AF:
NF:0
PS:10
SRH:1
SFN:
DSR:
MID:<20080725113913.6cb0b145@ripper.onstor.net>
CFG:
PT:0
S:andy.sharp@onstor.com
RQ:
SSV:onstor-exch02.onstor.net
NSV:
SSH:
R:<chris.vandever@onstor.com>
MAID:1
X-Sylpheed-Privacy-System:
X-Sylpheed-Sign:0
SCF:#mh/Mailbox/sent
RMID:#imap/andys@onstor.net@onstor-exch02.onstor.net/INBOX	45222	BB375AF679D4A34E9CA8DFA650E2B04E0AE229BA@onstor-exch02.onstor.net
X-Sylpheed-End-Special-Headers: 1
Date: Fri, 25 Jul 2008 11:40:00 -0700
From: Andrew Sharp <andy.sharp@onstor.com>
To: "Chris Vandever" <chris.vandever@onstor.com>
Subject: Re: please review 29639
Message-ID: <20080725114000.41a4adf5@ripper.onstor.net>
In-Reply-To: <BB375AF679D4A34E9CA8DFA650E2B04E0AE229BA@onstor-exch02.onstor.net>
References: <20080721181847.490681cb@ripper.onstor.net>
 <BB375AF679D4A34E9CA8DFA650E2B04E0AE229BA@onstor-exch02.onstor.net>
Organization: Onstor
X-Mailer: Sylpheed-Claws 2.6.0 (GTK+ 2.8.20; x86_64-pc-linux-gnu)
Mime-Version: 1.0
Content-Type: text/plain; charset=US-ASCII
Content-Transfer-Encoding: 7bit

On Wed, 23 Jul 2008 21:10:42 -0700 "Chris Vandever"
<chris.vandever@onstor.com> wrote:

> Inline...

Ditto.

> > -----Original Message-----
> > From: Andy Sharp
> > Sent: Monday, July 21, 2008 6:19 PM
> > To: Chris Vandever; Rendell Fong
> > Subject: Re: please review 29639
> > 
> > I've made some more changes since this review request first went
> > out, possibly only to fix review mentioned problems, but also to
> > include changes that were made to these files since I started this
> > ill-gotten venture.  See the two bugs mentioned near the end.
> > 
> > Don't know if Rendell needs to re-review anything, but his name was
> > mentioned in these comments to Chris, so I'm cc'ing you, Mr. R.
> > 
> > 
> > On Wed, 9 Jul 2008 19:04:21 -0700 "Chris Vandever"
> > <chris.vandever@onstor.com> wrote:
> > 
> > > ... //depot/dev/nfx-tree/code/sm-utils/sys-utils-api.h#4 edit
> > > *	@103-6 you ARE aware this isn't the coding standard,
> > > right?
> > 
> > Sure it is.  What's wrong with it?  The defines, right?
> 
> Yes, the defines.  The comments are supposed to be in a separate block
> preceding the #define, not on the same line.
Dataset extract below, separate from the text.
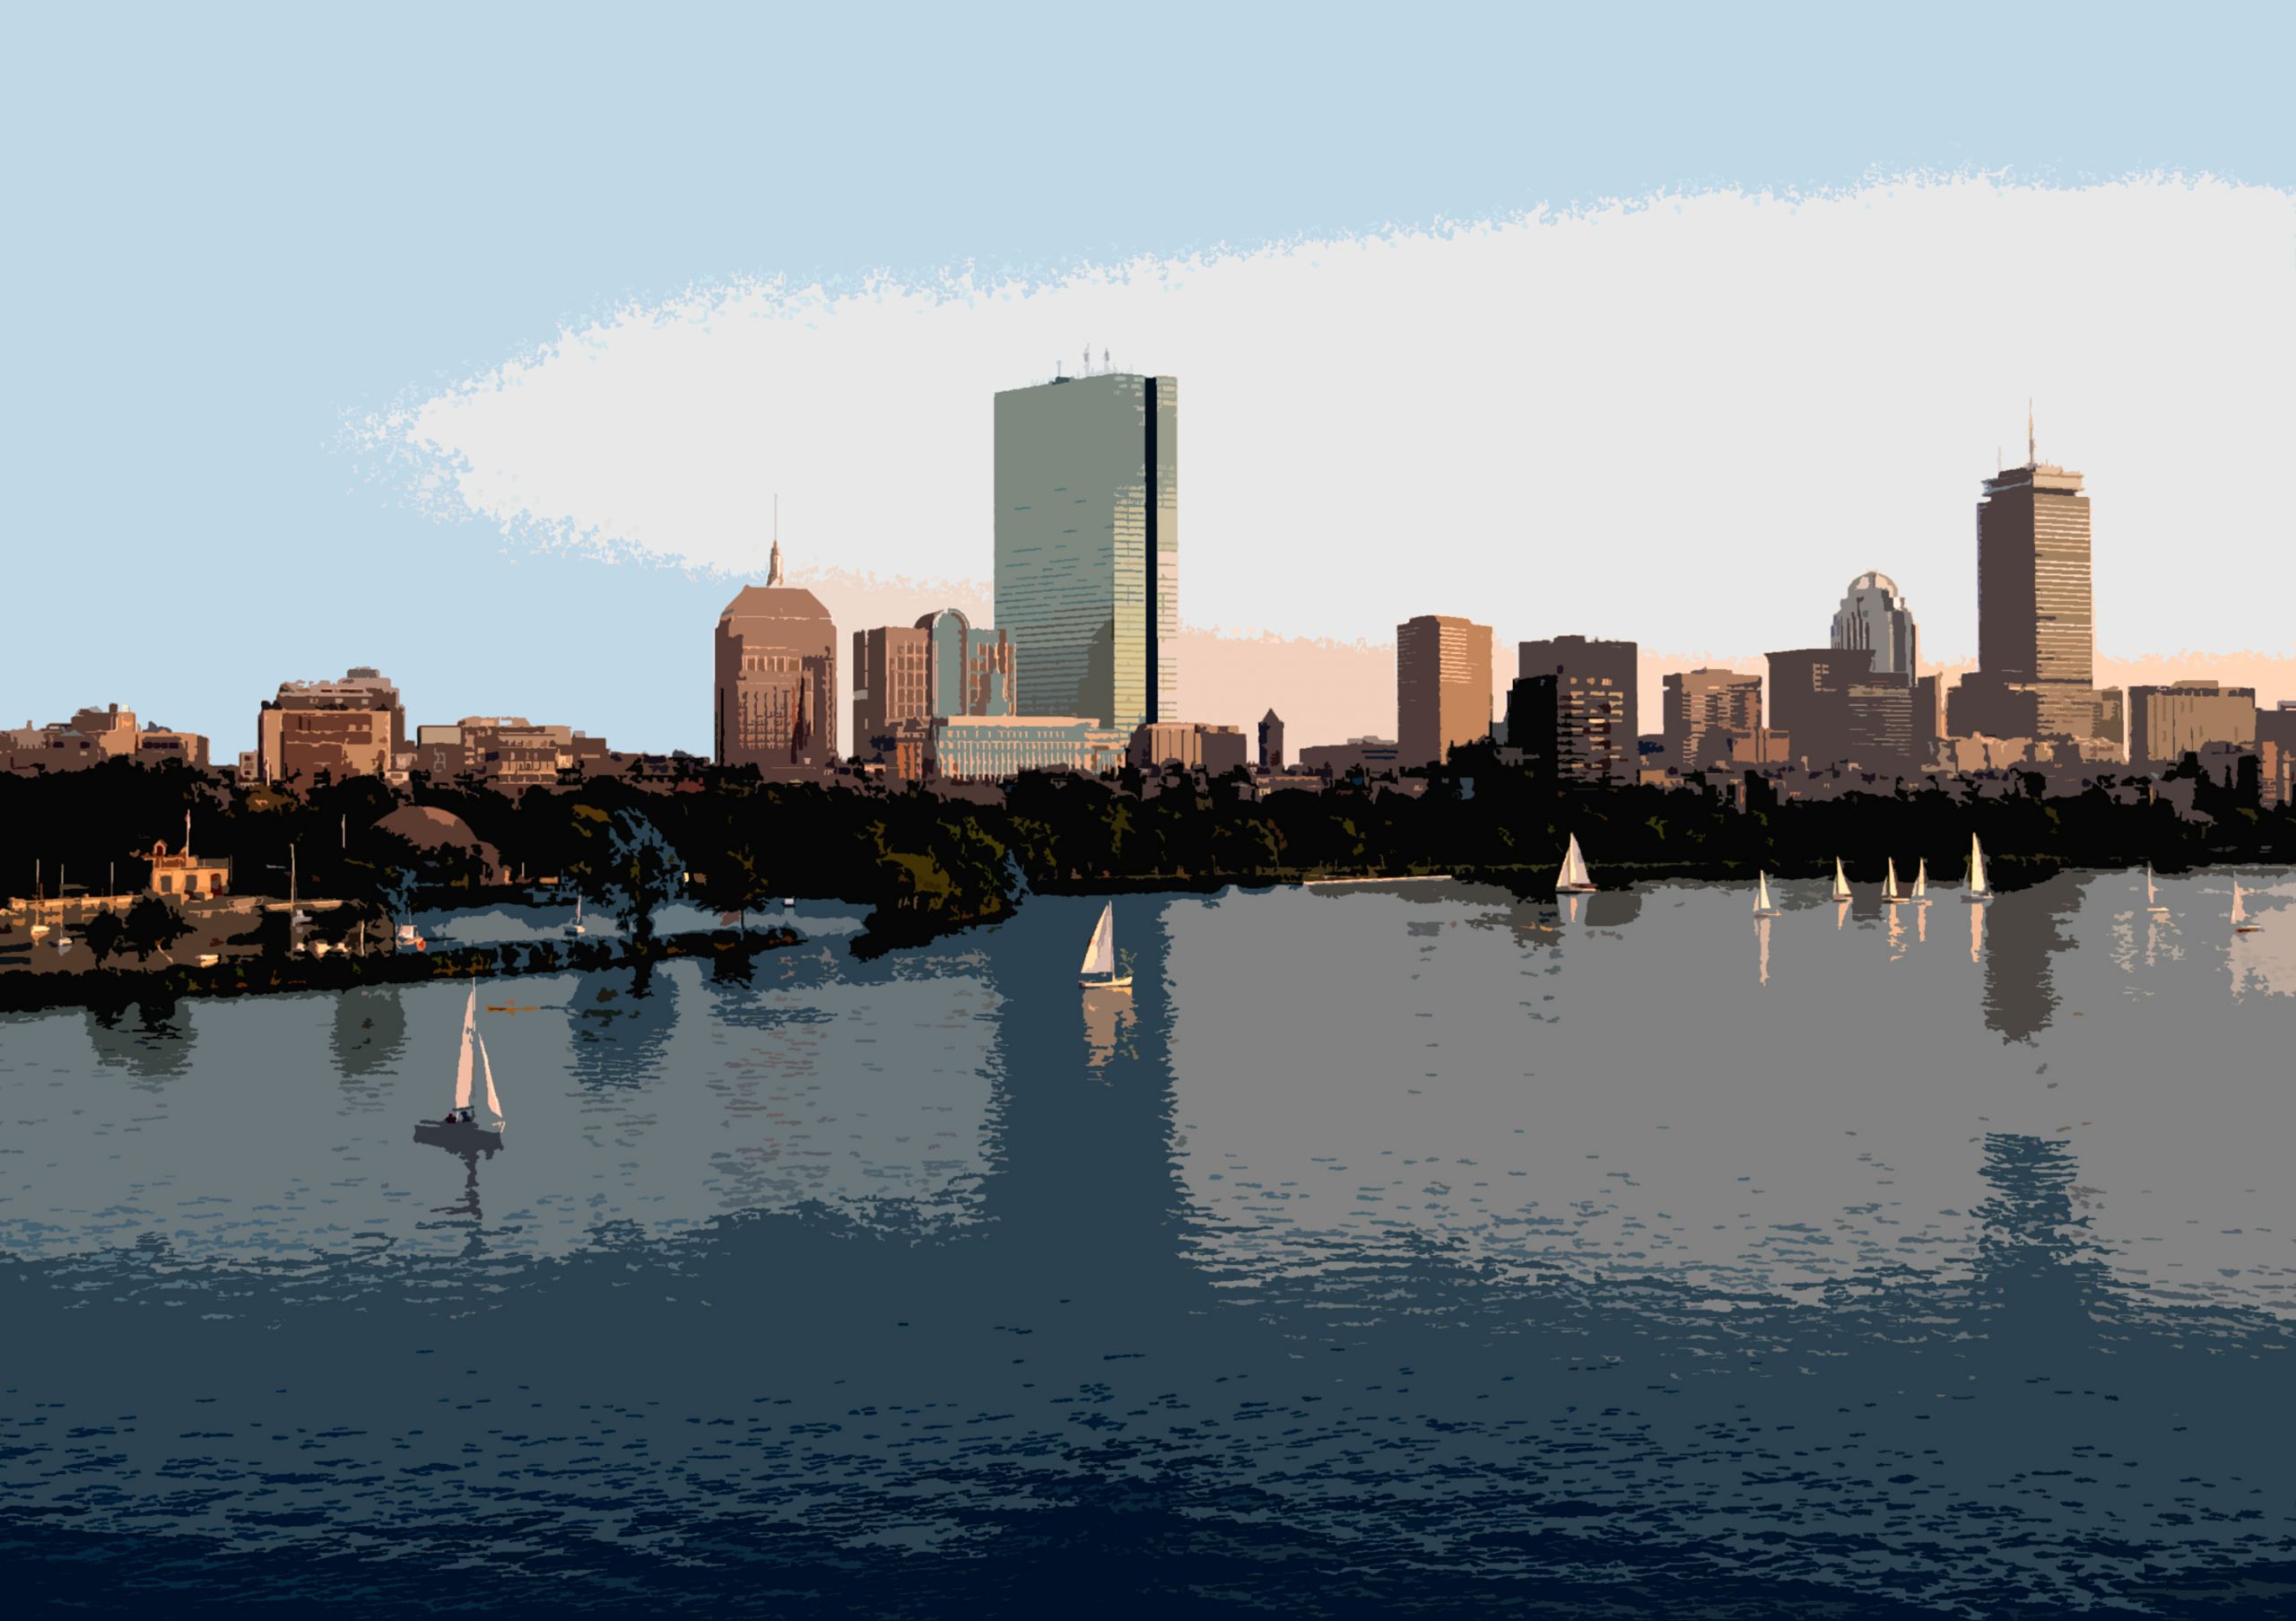 digitally manipulated photograph of the boston back bay skyline by jen matson

While all sane programmers recognize that our so called coding standard
is completely broken, I don't recall anything like that mentioned in it.
And I don't have time to look at it.  Does anyone actually care?

> > > ... //depot/dev/nfx-tree/code/sm-utils/sys-utils.c#3 edit
> > > *	@101-3, 145-163 you're planning on removing these before
> > > checking it in, yes?
> > 
> > Der.  Fixed.
> 
> What about 142-160?  Dead code is dead code; no point checking it in.

I would like to keep this specifically because this logic wasn't the
easiest to figure out, and the code a tad hard to come by.  I'm hoping
that maybe after this release I'll be able to get fast Linux reboots
working, and it would nice to have this then.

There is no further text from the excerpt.